An old man bent across her path to leer. ‘Alas, my running days are past me. What’s she done?’
Rebecca’s feet were bad. She was still in the same pair of shoes that she had snatched up last night, made for the house, her toes had almost pushed their way through the front of them and she had a patch at her ankle that grated with every step. That alone was enough to make her weep, but, as well as that, the laudanum Mrs Shrivenham had sold her had not been enough. Sweat fell off her in sheets; her bodice was soaked through.
‘Don’t know why you’re chasing her. Looks too cheap to bother with!’
‘Catch her for me, will you?’ shouted Mr Badcock.
‘Not likely. Wouldn’t like to dirty my hands!’
Rebecca had left behind her the familiar part of Edinburgh; now she ran, though her lungs burned with the effort of it, down a wide street with evenly planted trees that she had never come to before.

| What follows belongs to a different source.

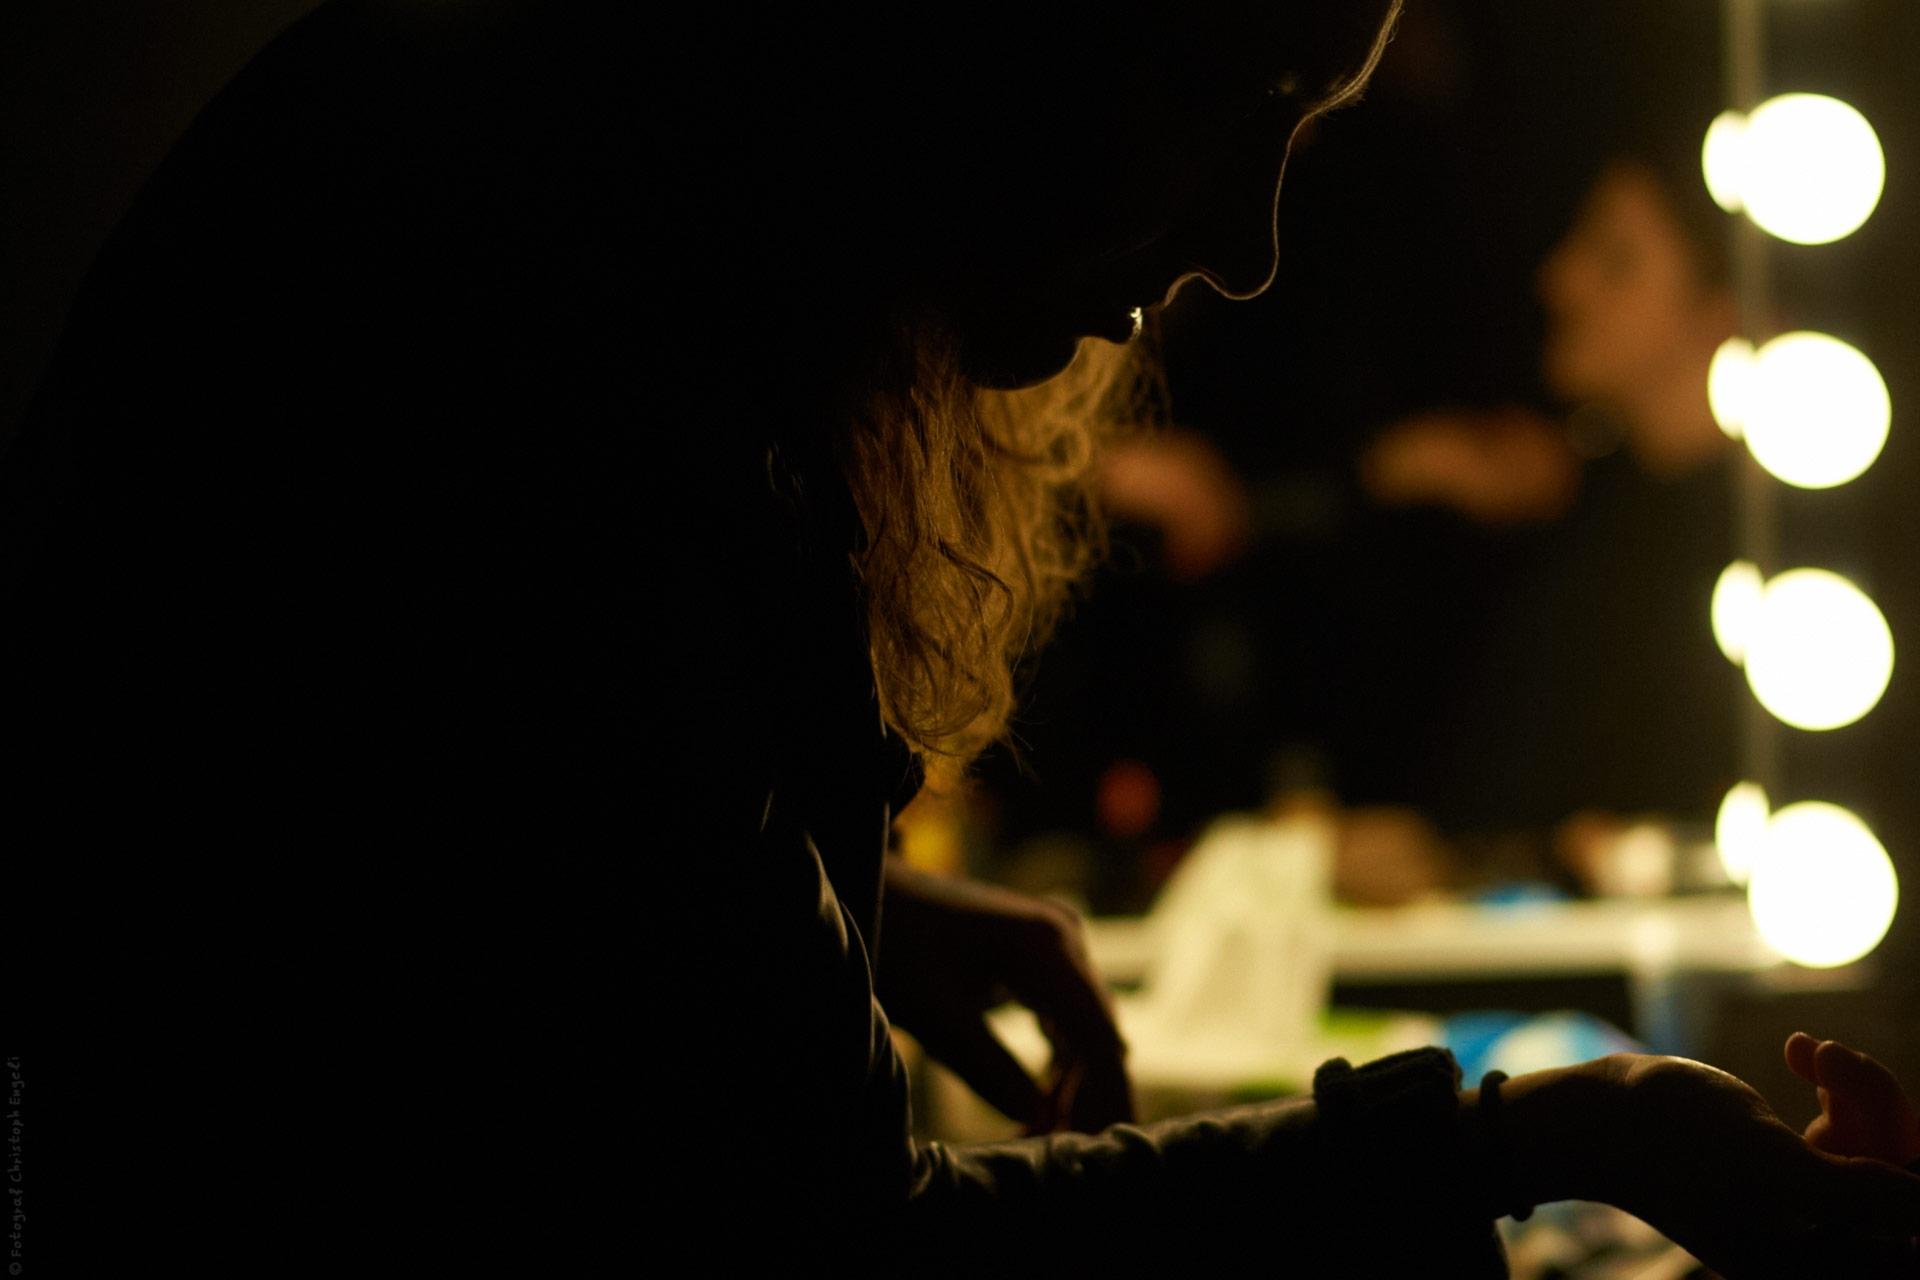 Tische mit Hintergrundbeleuchtung für die Visagistin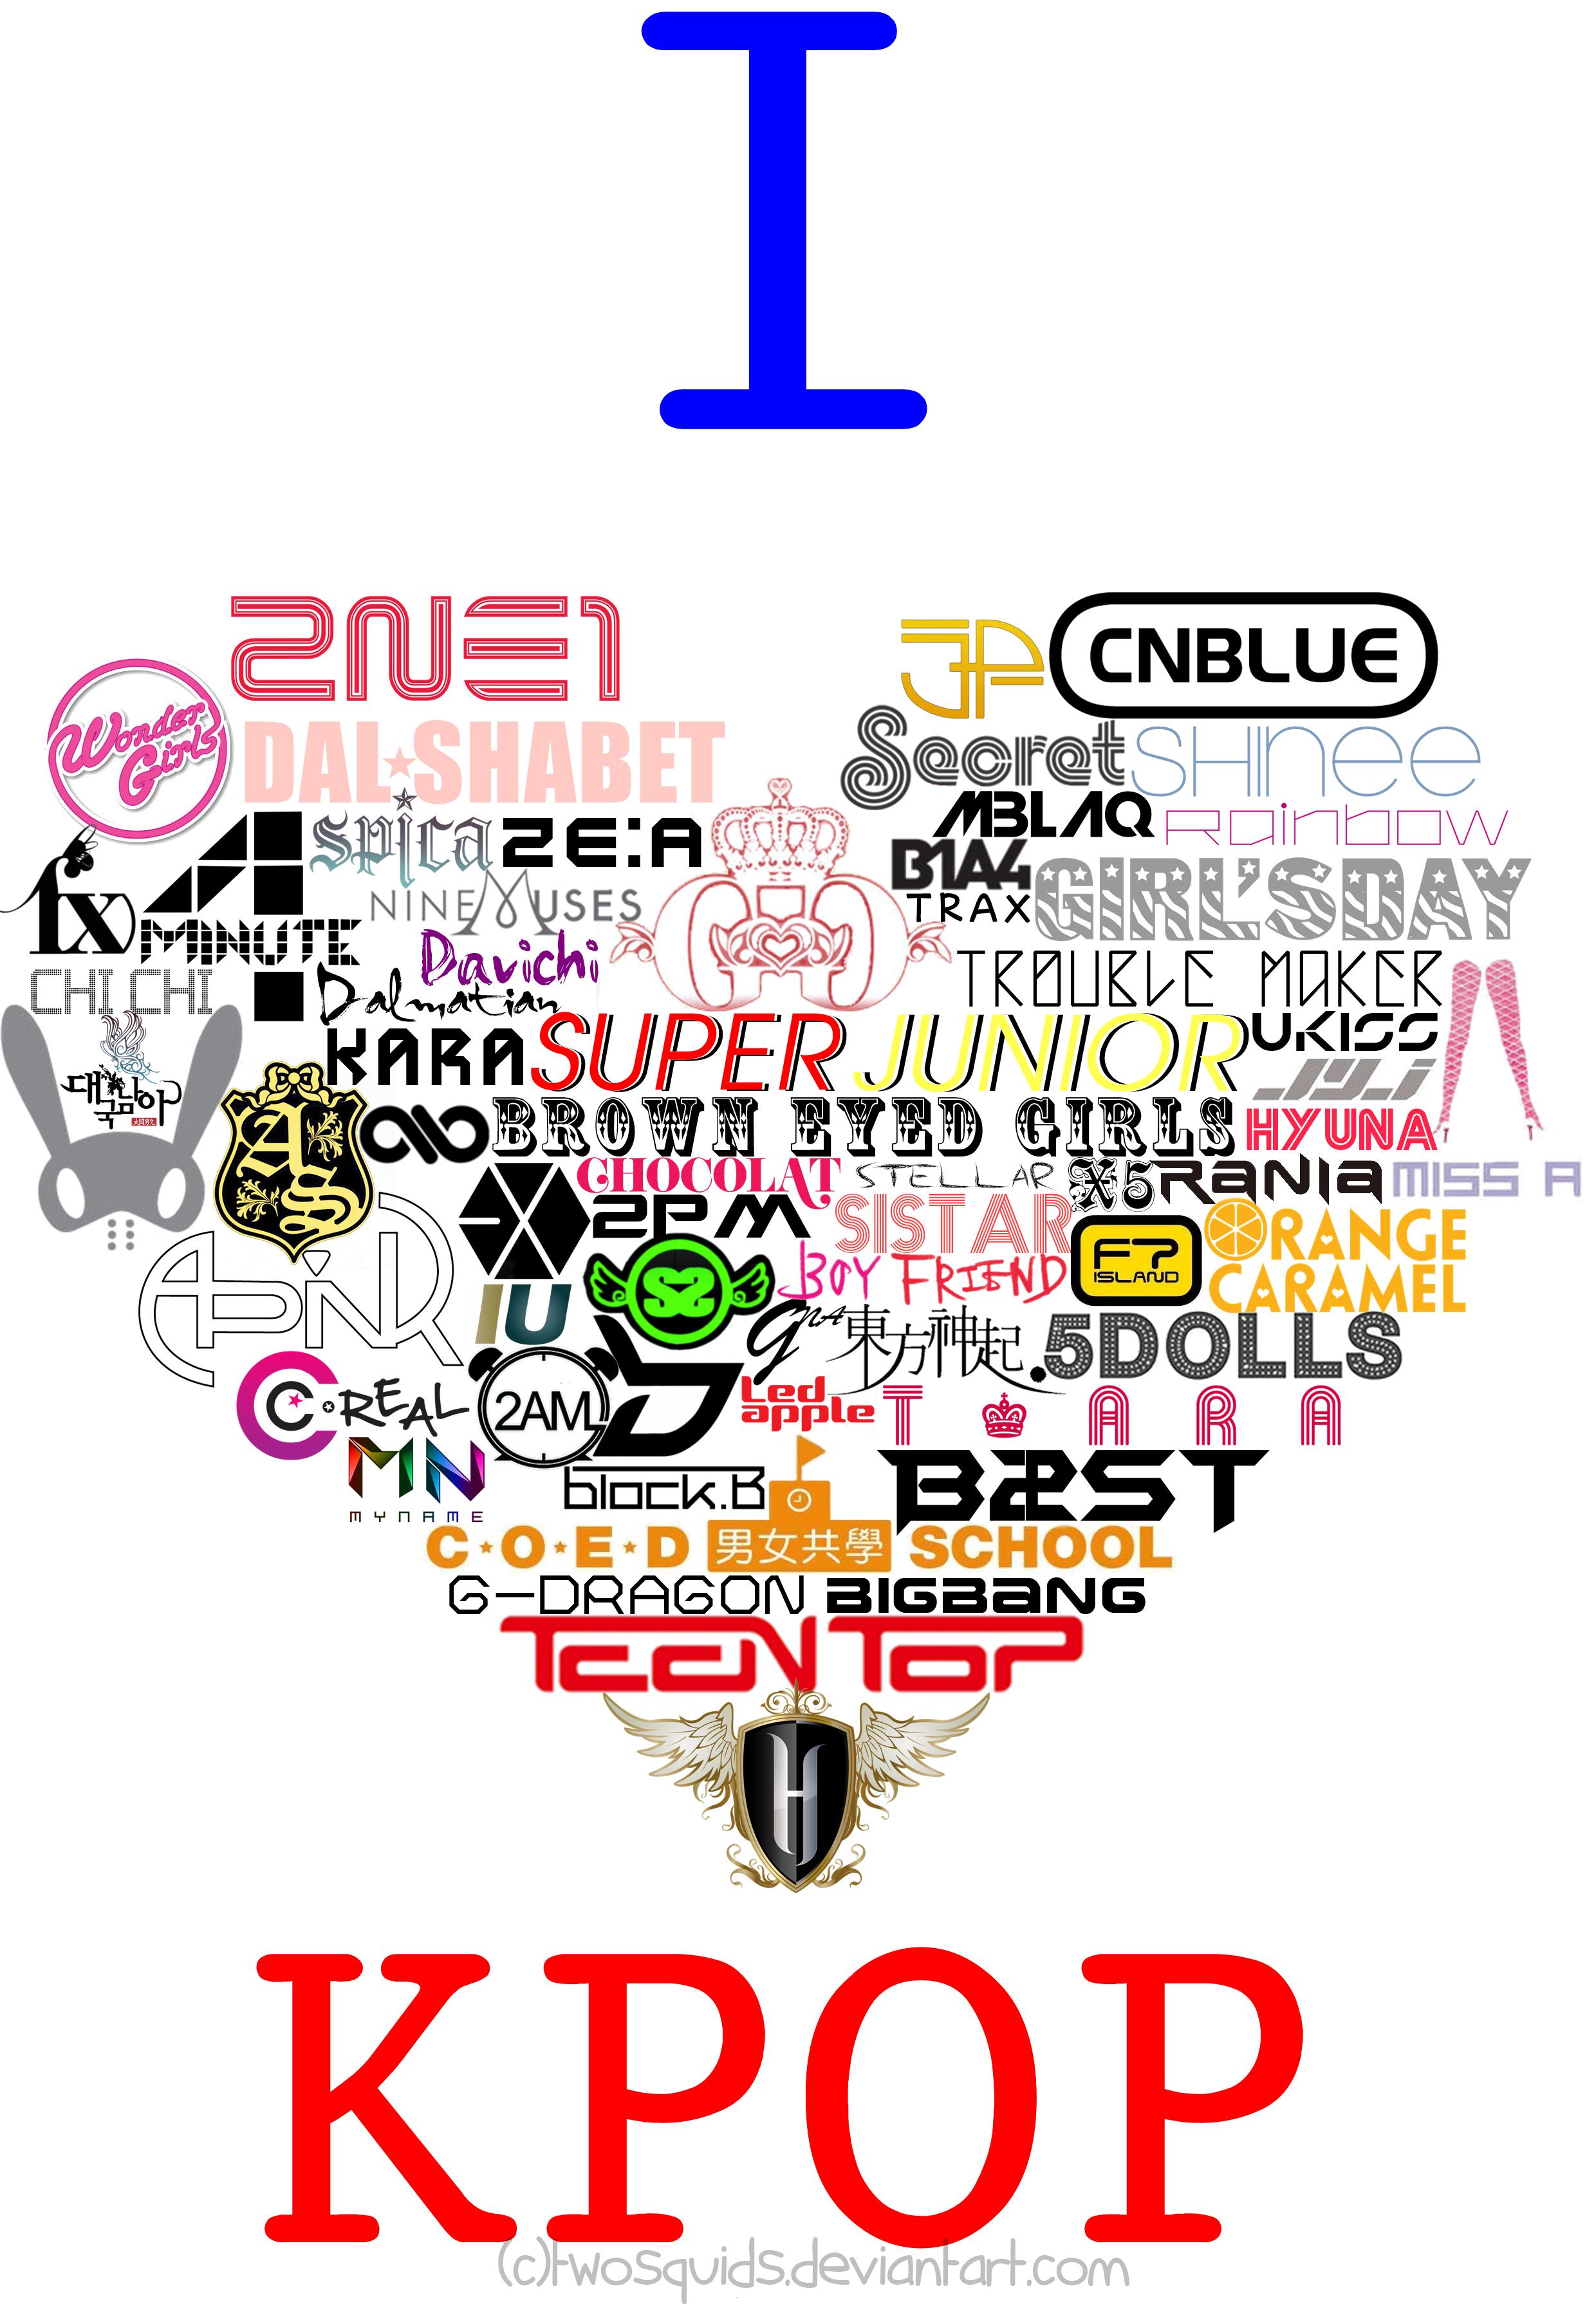 nazvaniya-k-pop-grupp

‘Go on, dearie, run, whatever it is you’ve done to him,’ said a woman, leaning against a tree, dressed twenty years younger than her face showed. ‘I shall stick my foot out for you.’
‘He wants to kill me!’ Rebecca managed to get out.
‘They all do, my dear. They all do!’
Rebecca forced herself on a few steps more and then looked back. The woman had done as she promised, Mr Badcock was not sprawled on the floor, but his pace had slowed and he was cursing. Rebecca put her hands to her side and pressed.
‘I’ll have you for that!’ he cried, but the woman laughed and spun away from him.